Breath is the bridge which connects life to consciousness, which unites your body to your thoughts. ~ Thich Nhat Hanh

Breathing. Seems simple enough, but most of us do not breathe correctly or efficiently. We all know breath is needed to live but do you know what it does for a body? for a mind? for a spirit? Here is the condensed list of benefits:

  • Gives you more energy
  • Reduces mental and physical fatigue therefore reducing the need for stimulants and drugs
  • Eliminates toxins and waste
  • Improves blood circulation, relieves congestion, increases supply of blood to muscles and bones
  • Increases oxygen and nutrient supply to all the cells of the body. The brain and eyes need much oxygen!
  • Correct breathing (depending on technique) can calm or stimulate the central nervous system and balance the brain hemispheres
  • Better breathing opens up and balances the subtle energies of the body
  • Using the diaphram with proper breath massages the internal organs improving their function.
  • Facilitates the movement of the lymph throughout the body which eliminates toxins and improves the immune system
  • Shallow breathing puts stress on the organs of elimination
  • Along with a balanced alkaline diet, toxic carbon dioxide will be eliminated more readily through the breath
  • Improves the appearance of the skin, reduces wrinkles thanks to better blood circulation
  • Relax deeper
  • Recover faster from stress, exertion and injury
  • Reduces muscular spasm, tension, adhesions, and fibrosity

Feel like improving your breathing? Here are three options to activate relaxation and quiet your mind.
The yogic breath Sit with your neck, head, and spine in alignment. Place your hands on your chest and breath in and out through your nose, feeling your chest expand. Repeat 3-4 times. Now place your hands on your belly and inhale through your nostrils, letting your belly expand with air. Exhale through your nose and press in slightly with your hands. Repeat 3-4 times. Next, place your left palm on your chest and your right palm on your belly. As you inhale through your nose let your belly expand and then bring your breath up into your chest, feeling your ribs expand. Exhale through your nose, releasing your breath from your chest, then your stomach. Repeat 3-4 times. Now close your eyes, rest your hands on your lap, and repeat 10 times. 
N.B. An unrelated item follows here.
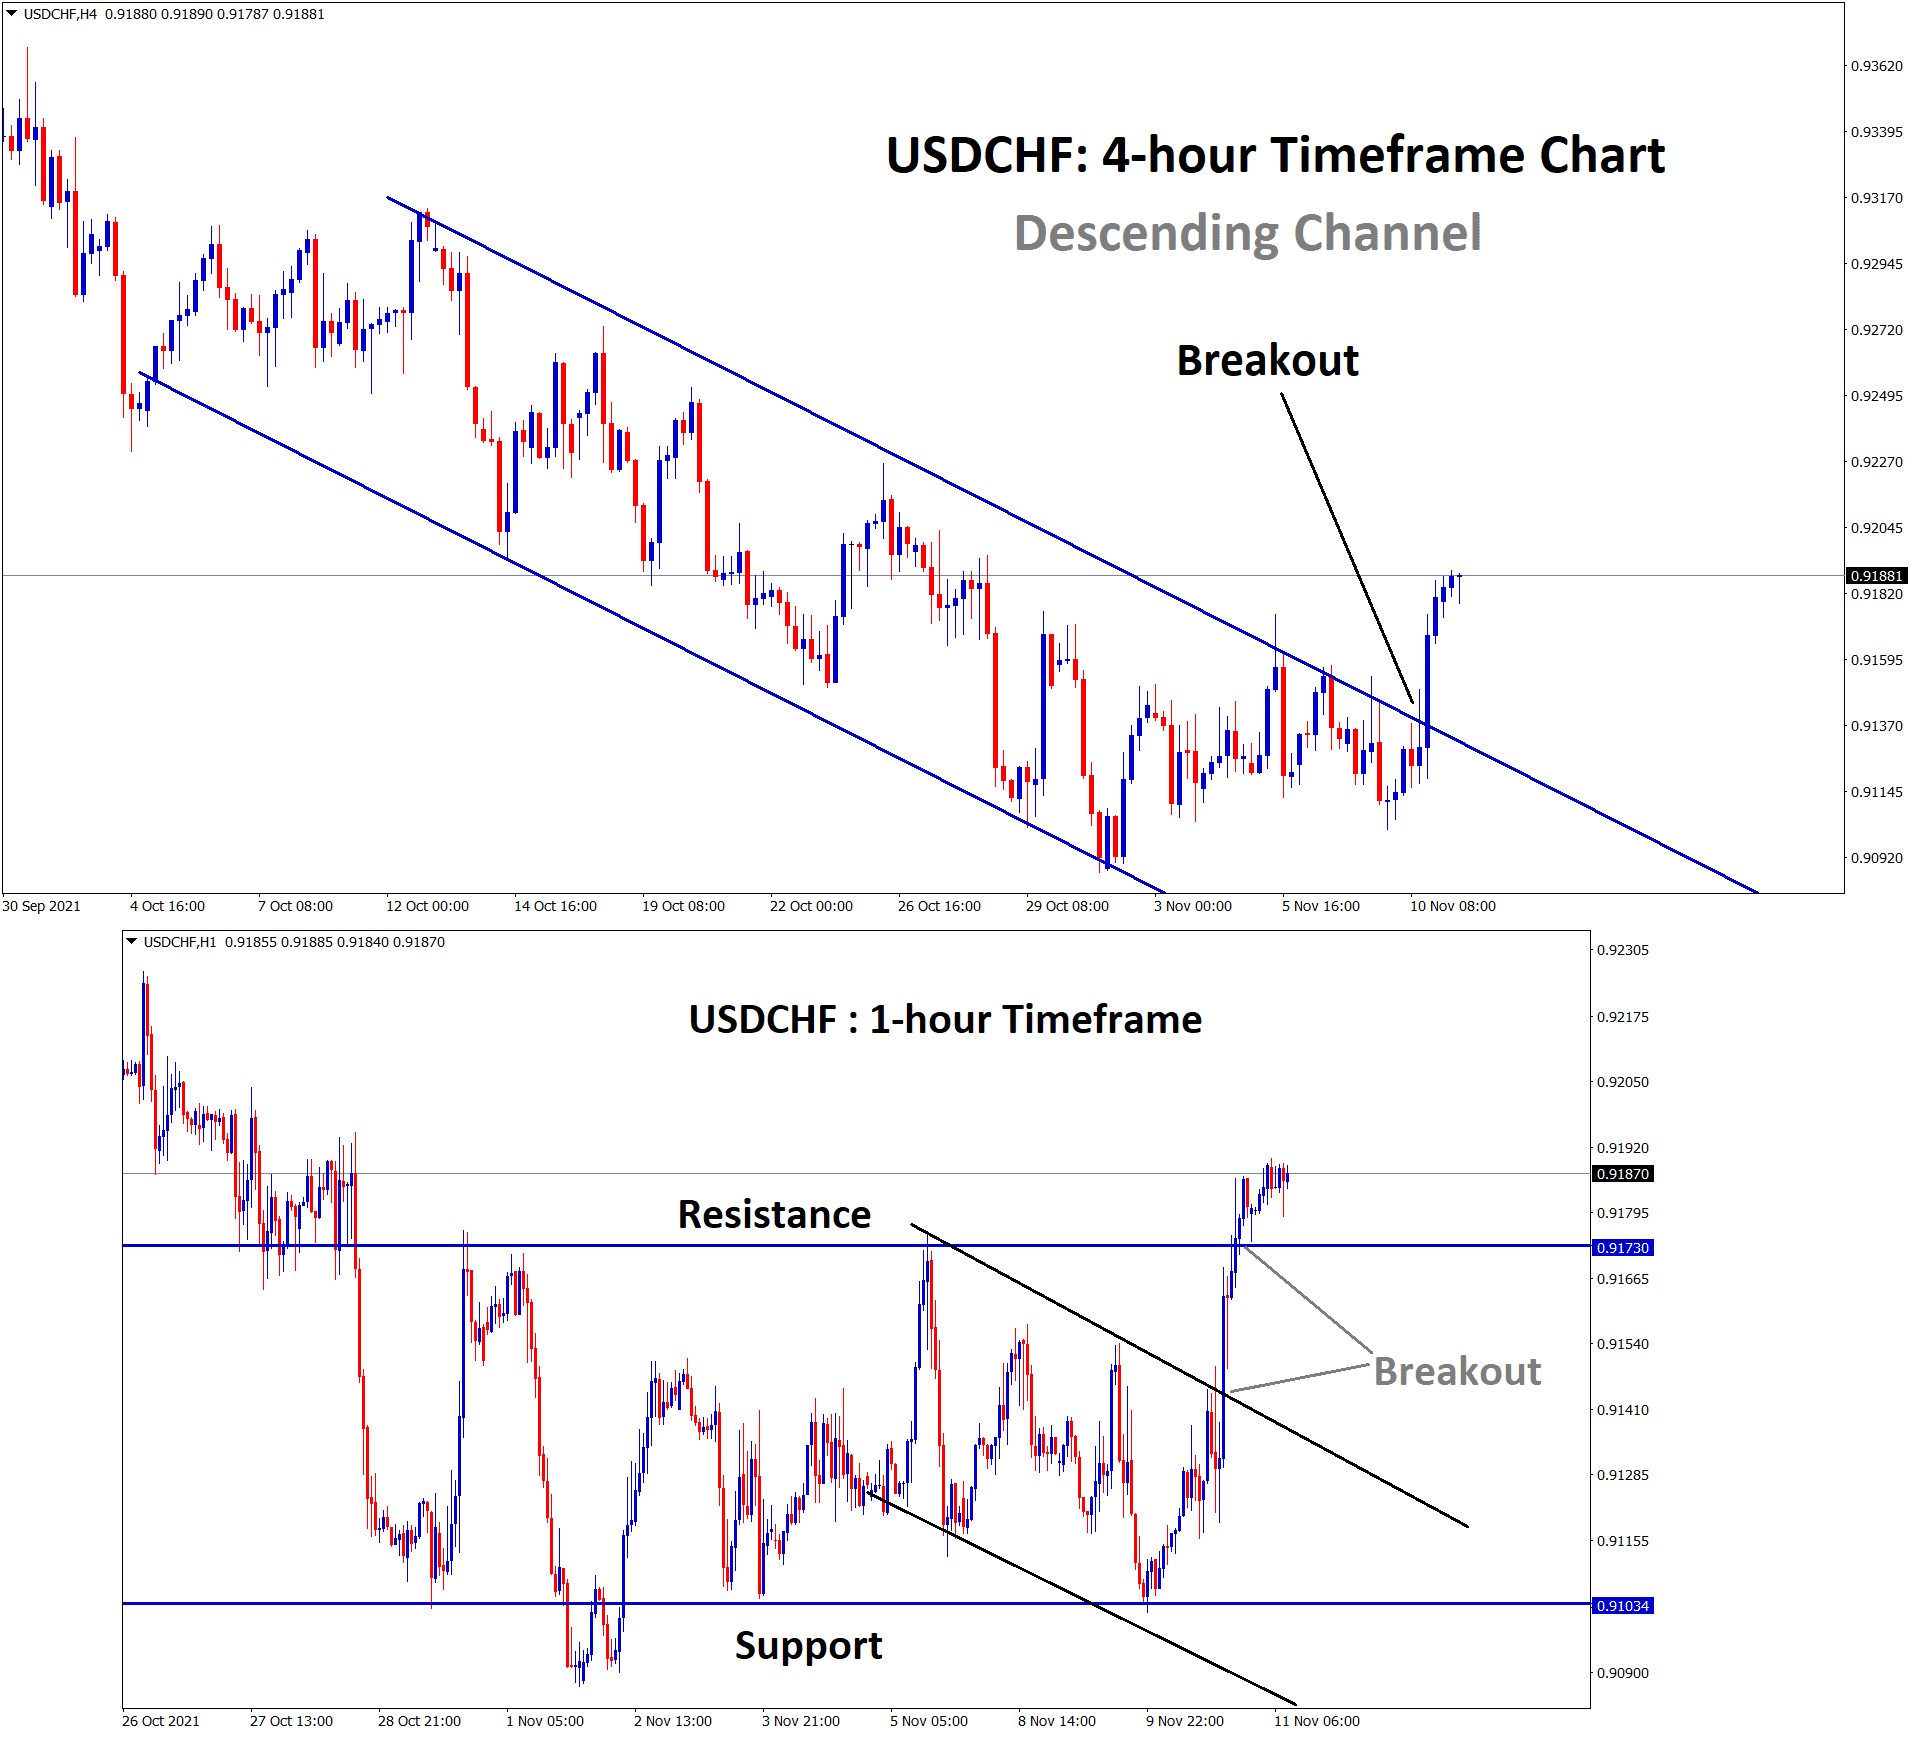 USDCHF has broken the top price levels continuously

Alternate nostril breathing Place your right index finger and middle finger on the bridge of your nose. Close the right nostril with your thumb, inhale and at the top of the inhalation, close your left nostril with your ring finger. Release your thumb and exhale through the right nostril. Inhale through the right nostril and at the top of the exhalation close the right side with your thumb. Release your ring finger from your left nostril. Repeat 6-12 times.

Left nostril breathing Close your right nostril. Breathe in through your left nostril and out through your left nostril. Repeat this 10-20 times.